Original repository: https://github.com/VectorSpaceLab/OmniGen2
Backbone key: omnigen2
Capabilities: Understanding, Generation, Editing

Dependencies¶

The model environment is managed via the omnigen2 image defined in modal/images.py. For local setup, install the dependencies listed in model/OmniGen2/requirements.txt.

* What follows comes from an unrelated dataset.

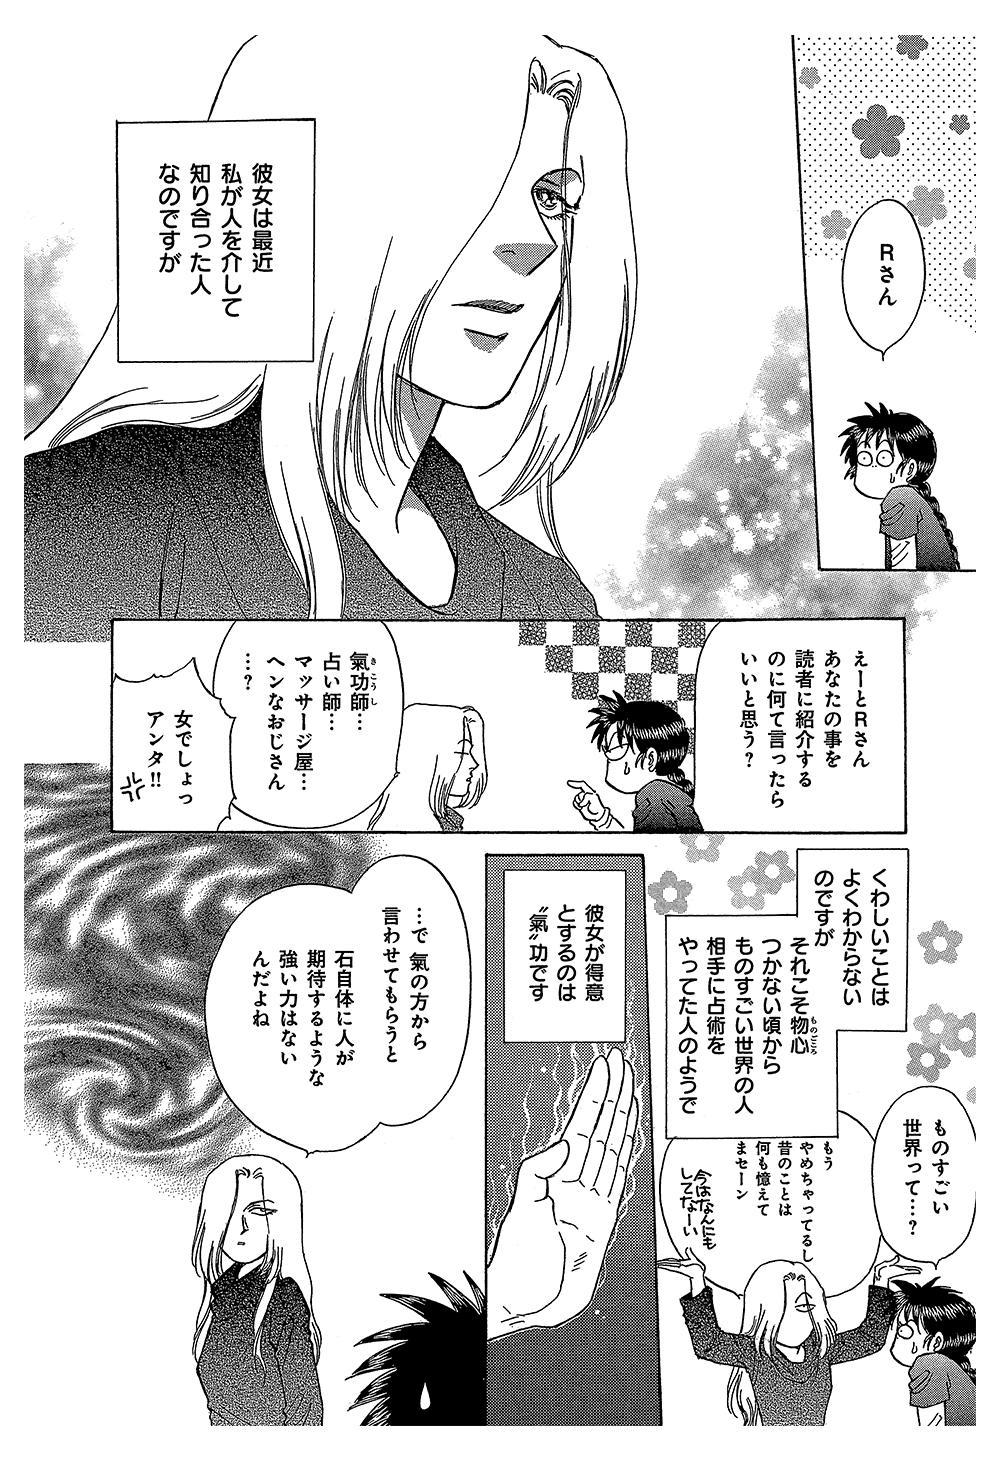 オカルト万華鏡 第1話 ②oka16.jpg
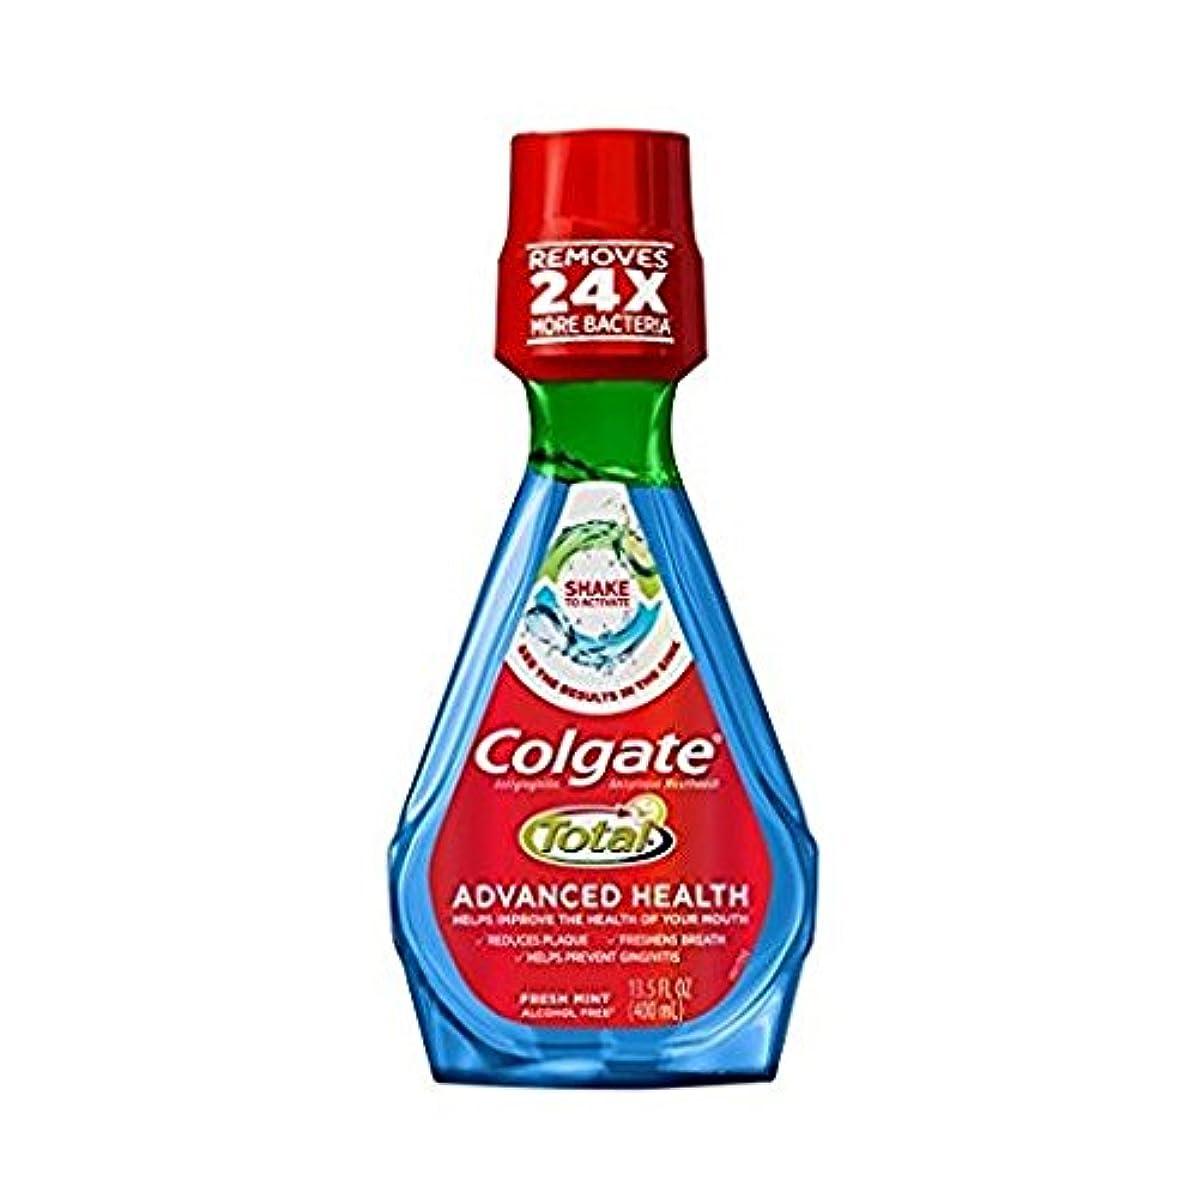 Colgate 総高度な健康抗歯垢Antiqingivitisうがい薬、フレッシュミント、13.5液量オンス(2パック)

Flash Attention (recommended)¶

OmniGen2 supports Flash Attention (v2.7.4) for faster inference (Flash2Varlen attention + fused SwiGLU). Without it, the model falls back to standard attention — functional but noticeably slower. The Modal image already includes it. For local setup, install a pre-compiled wheel matching your environment — see modal/README.md for the exact environment parameters and installation instructions.

Inference¶

CLI¶

# Generation (text-to-image)
PYTHONPATH=src python -m umm.cli.main infer --config configs/inference/omnigen2_generation.yaml

# Understanding
PYTHONPATH=src python -m umm.cli.main infer --config configs/inference/omnigen2_understanding.yaml

# Editing
PYTHONPATH=src python -m umm.cli.main infer --config configs/inference/omnigen2_editing.yaml

Python API¶

from umm.inference.pipeline import InferencePipeline
from umm.inference.multimodal_inputs import InferenceRequest

pipeline = InferencePipeline(backbone_name="omnigen2", backbone_cfg={
    "model_path": "/path/to/omnigen2_weights",
    "seed": 42,
})

# Generation
result = pipeline.run(InferenceRequest(
    backbone="omnigen2", task="generation",
    prompt="A cat sitting on a rainbow",
))

# Understanding (requires image input)
result = pipeline.run(InferenceRequest(
    backbone="omnigen2", task="understanding",
    prompt="Describe this image",
    images=["path/to/image.jpg"],
))

# Editing
result = pipeline.run(InferenceRequest(
    backbone="omnigen2", task="editing",
    prompt="Change the background to a beach",
    images=["path/to/image.jpg"],
))

Note: OmniGen2 uses two internal pipelines: OmniGen2Pipeline for generation/editing and OmniGen2ChatPipeline for understanding. Both are loaded lazily on first use.

Supported Benchmarks¶

Benchmark	Config
DPG Bench	`configs/eval/dpg_bench/dpg_bench_omnigen2.yaml`
GenEval	`configs/eval/geneval/geneval_omnigen2.yaml`
WISE	`configs/eval/wise/wise_omnigen2.yaml`
GEdit-Bench	`configs/eval/gedit/modal_gedit_omnigen2.yaml`
UEval	`configs/eval/ueval/ueval_omnigen2.yaml`
Uni-MMMU	`configs/eval/uni_mmmu/uni_mmmu_omnigen2.yaml`
MME	`configs/eval/mme/mme_omnigen2.yaml`
MMMU	`configs/eval/mmmu/mmmu_omnigen2.yaml`
MMBench	`configs/eval/mmbench/mmbench_omnigen2.yaml`
MM-Vet	`configs/eval/mmvet/mmvet_omnigen2.yaml`
MathVista	`configs/eval/mathvista/mathvista_omnigen2.yaml`

# Example: run GenEval
PYTHONPATH=src python -m umm.cli.main eval --config configs/eval/geneval/geneval_omnigen2.yaml

# Example: run MME
PYTHONPATH=src python -m umm.cli.main eval --config configs/eval/mme/mme_omnigen2.yaml

Key Configuration Parameters¶

Generation / Editing: enable_cpu_offload, enable_sequential_cpu_offload, torch_dtype
Understanding: standard VLM generation params

Known Issues & Fixes¶

GPU OOM from Duplicate Pipeline Loading¶

Problem: OmniGen2 uses two internal pipelines — OmniGen2Pipeline (generation/editing) and OmniGen2ChatPipeline (understanding). Both share the same underlying components (Qwen2.5-VL mllm, transformer, VAE, scheduler, processor). When loaded independently via from_pretrained, the model weights are duplicated in GPU memory, easily causing OOM on multi-task benchmarks like Uni-MMMU that require both understanding and generation in a single run.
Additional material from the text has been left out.